For readers who don’t know who or what to believe in this debate, additional information on what is known for fact relative to the proposed project is as follows:
- Since 2010, Kent County has lost between 1000 and 1500 residents to relocation and death. Given our aging population and historical opposition to development, population diminution is likely to continue. If so, by the time Chestertown is pressured to expand town limits down Morgnec Road – if ever- most principals in this debate will be dead and gone. Chestertown’s opposition to project approval and corresponding effort to hold property outside of town limits hostage to the dubious possibility of future town expansion needs – prospectively for decades– is simply wrong and unconscionable.

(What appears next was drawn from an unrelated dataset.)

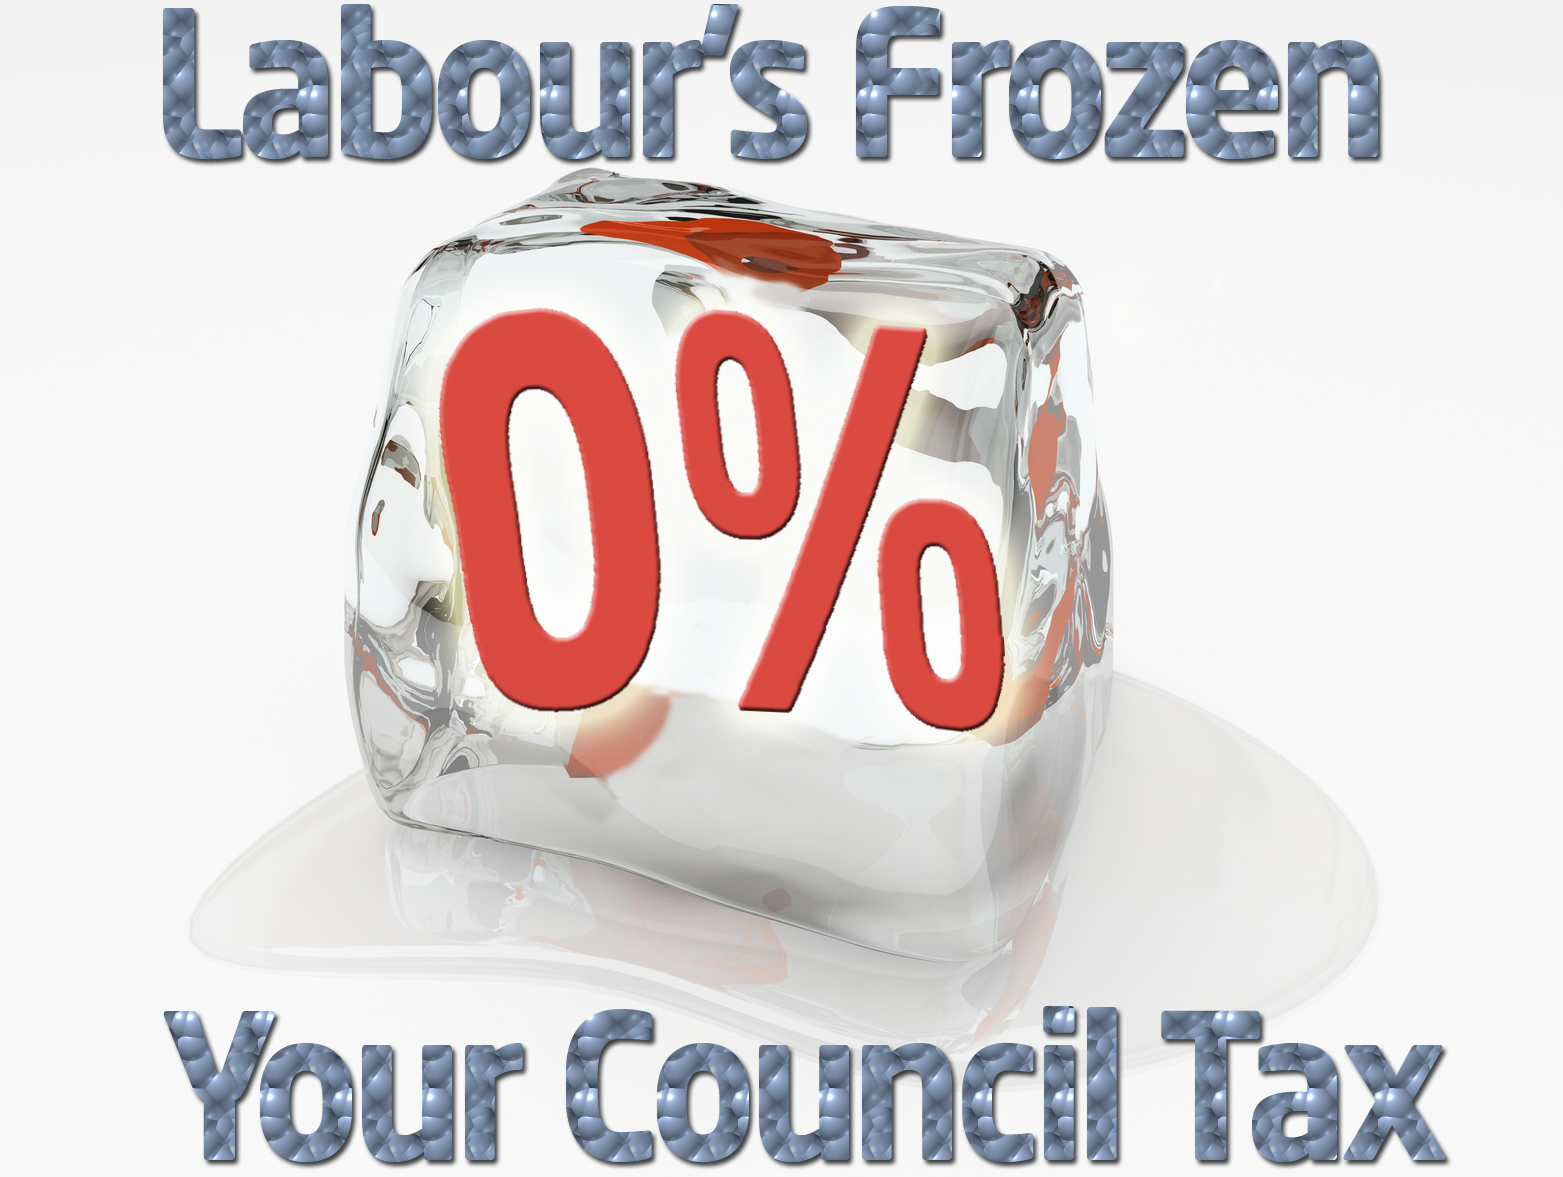 Council Tax Reduction Universal Credit Lambeth

- If you drive out Morgnec Road to the proposed solar farm location, you’ll pass a huge Delmarva electric transmission station, Bramble Construction, Delmarva Casting Works, Atlantic Tractor, Choptank Electric and Kent County Public Works in the mile long stretch fronting the Clark family property. All these enterprises occupy multi-acre, largely blacktopped lots housing heavy equipment, industrial products, and Public Works supply storage. From an environmental, ecological, and Smart Growth perspective, clustering a beneficial solar power farm sited on pollinator friendly meadow land with existing industrial enterprises makes infinitely more sense than siting a costly large-scale housing development there.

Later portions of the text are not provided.